# Pork shoulder steaks



## LexB89 (Jan 6, 2021)

Hi guy's,

I'm going to smoke pork shoulder steaks at the weekend. I've ask for them to be 2 inches thick.

What temperature should I cook them to?

I want them to still be Juicy.

Anyone got any tips and tricks?


----------



## HalfSmoked (Jan 6, 2021)

The USDA says pork is done at 145 degrees. So I would say 140 - 145. It will climb after you take it off the grill or out of the smoker.

Warren


----------



## smokerjim (Jan 6, 2021)

Are these pork butt steaks, if so I would take them to 175to  180. But that's me.


----------



## LexB89 (Jan 6, 2021)

145 was what I read. 

I was just checking as sometimes cooked temperature differs when smoking low and slow.

What about beef temperatures?  

Like short ribs?

How long does it take when you guy's do them?


----------



## bregent (Jan 6, 2021)

If you are going to cook them to 145, then don't have them cut to 2".  Pork shoulder is very tough. Cut them thin, and then pound and/or marinate to tenderize.


----------



## LexB89 (Jan 6, 2021)

Fair enough.

I was thinking about changing my plans due to pork steaks only taking a short amount of time.

I takes me a while to set up the smoker.

I haven't tried doing beef yet so was toying with the idea of doing beef short ribs.


----------



## 912smoker (Jan 6, 2021)

smokerjim said:


> Are these pork butt steaks, if so I would take them to 175to  180. But that's me.
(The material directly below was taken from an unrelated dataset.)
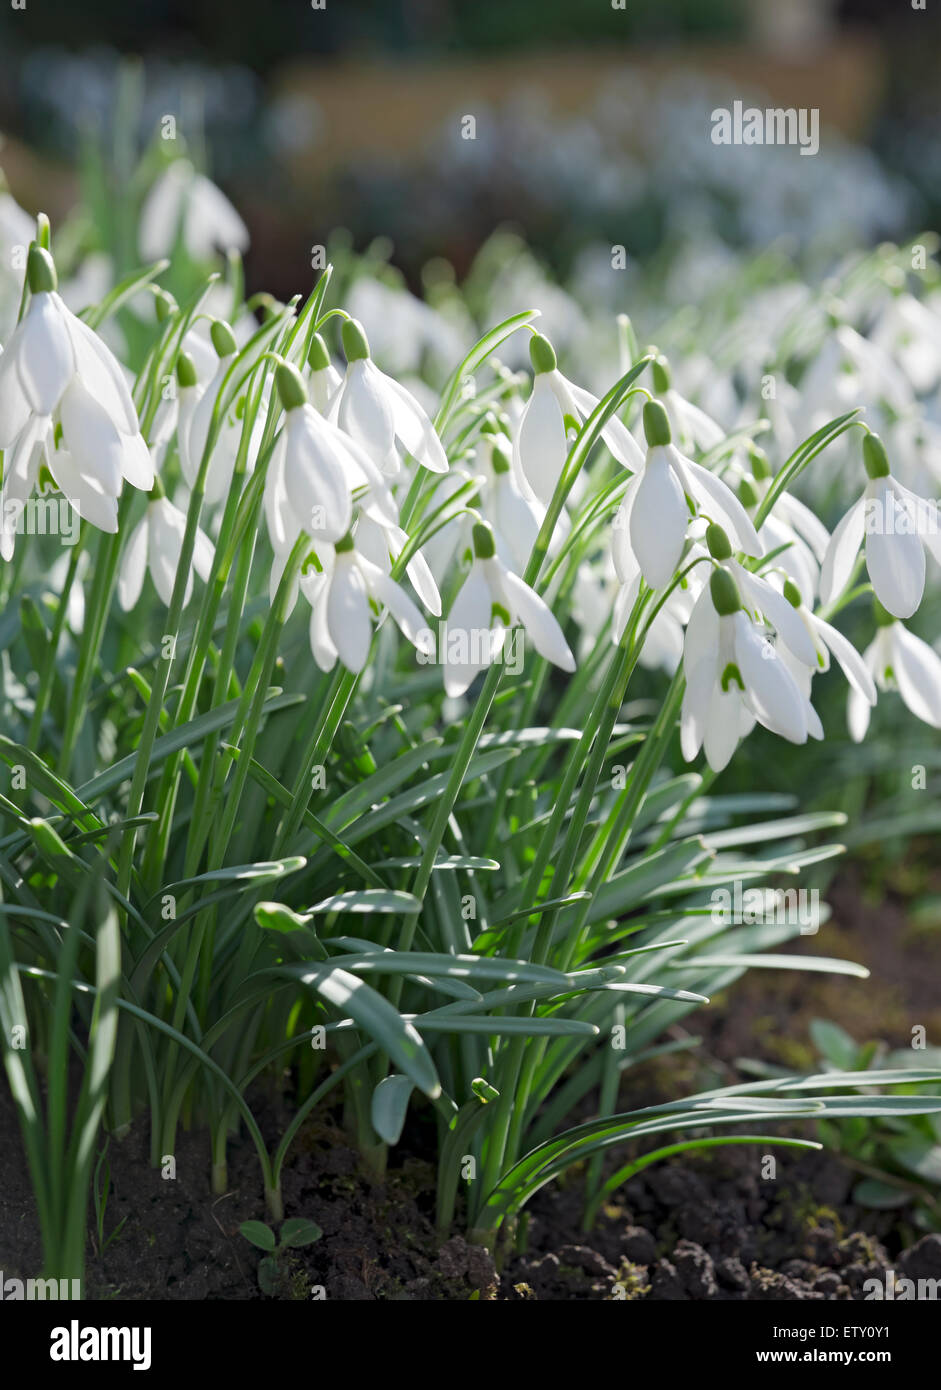 Primo piano di racchette da neve fiori bianchi fioriti Il giardino d'inverno Inghilterra Regno Unito GB Great La Gran Bretagna Foto Stock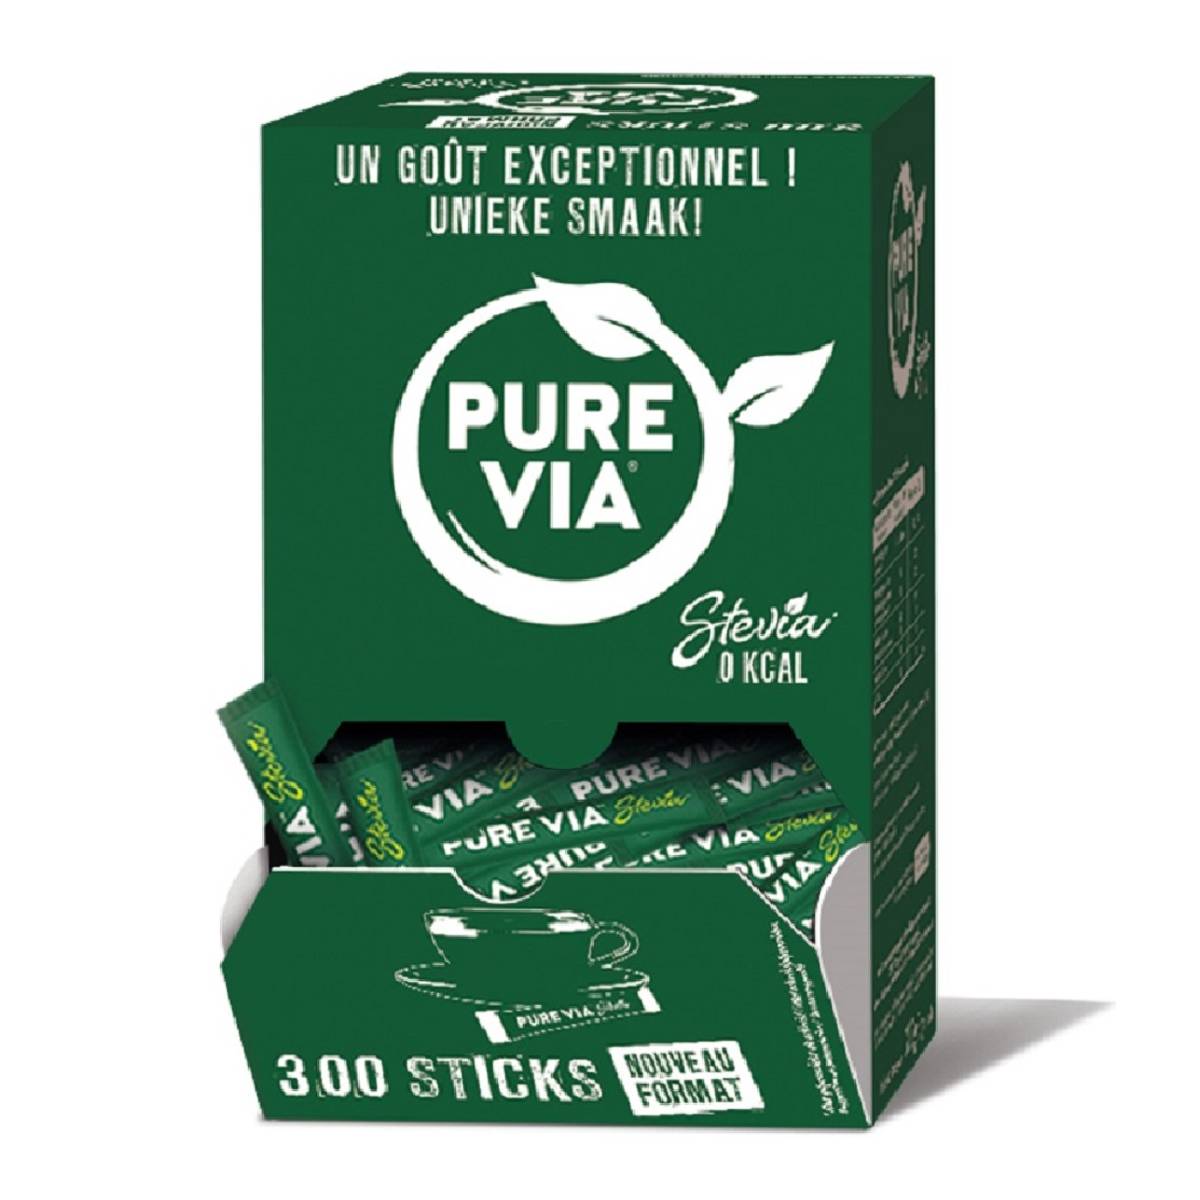 https://www.ekita-cafe.com/Files/25824/Img/13/stevia-pure-via-300-sticks-1200px.jpg

Same here. And the fat melts in your mouth. Nothing  better.......well maybe pork belly....


----------



## SmokinAl (Jan 7, 2021)

Definitely take them to at least 180.
What you have is a slice off the end of a pork butt.
Al


----------



## LexB89 (Jan 8, 2021)

I asked for pork shoulder steaks and this is what I got should I cut out the bone and trim the rind?


----------



## LexB89 (Jan 8, 2021)

They look like chops to me!


----------



## SmokinAl (Jan 8, 2021)

You can see the blade bone in the one on the left. Take them to 180, they are not loin steaks. For loin you would take them to 140 & a 30 minute rest would bring them up to 145. These need more time to break down & tenderize.
Al


----------



## LexB89 (Jan 8, 2021)

Ok cool.

Thanks.

What should I do with the bones and the rind?


----------



## bregent (Jan 8, 2021)

Leave the bones in but I would trim the fat to 1/4"


----------



## smokerjim (Jan 8, 2021)

bregent said:


> Leave the bones in but I would trim the fat to 1/4"


What bregent said


----------



## SmokinAl (Jan 8, 2021)

Well I would leave the fat on and the bone in. It’s a steak, so cook it with the fat on, then trim it off as you eat it. Just don’t under cook it.
Al


----------



## LexB89 (Jan 8, 2021)

Good stuff guy's!

Thanks for the help!


----------



## LexB89 (Jan 8, 2021)

Out of interest, what cut do you think that is?


----------



## LexB89 (Jan 8, 2021)

Trimming the fat down to 1/4" looked easy with knife in hand.

In practice, not so easy! Lol


----------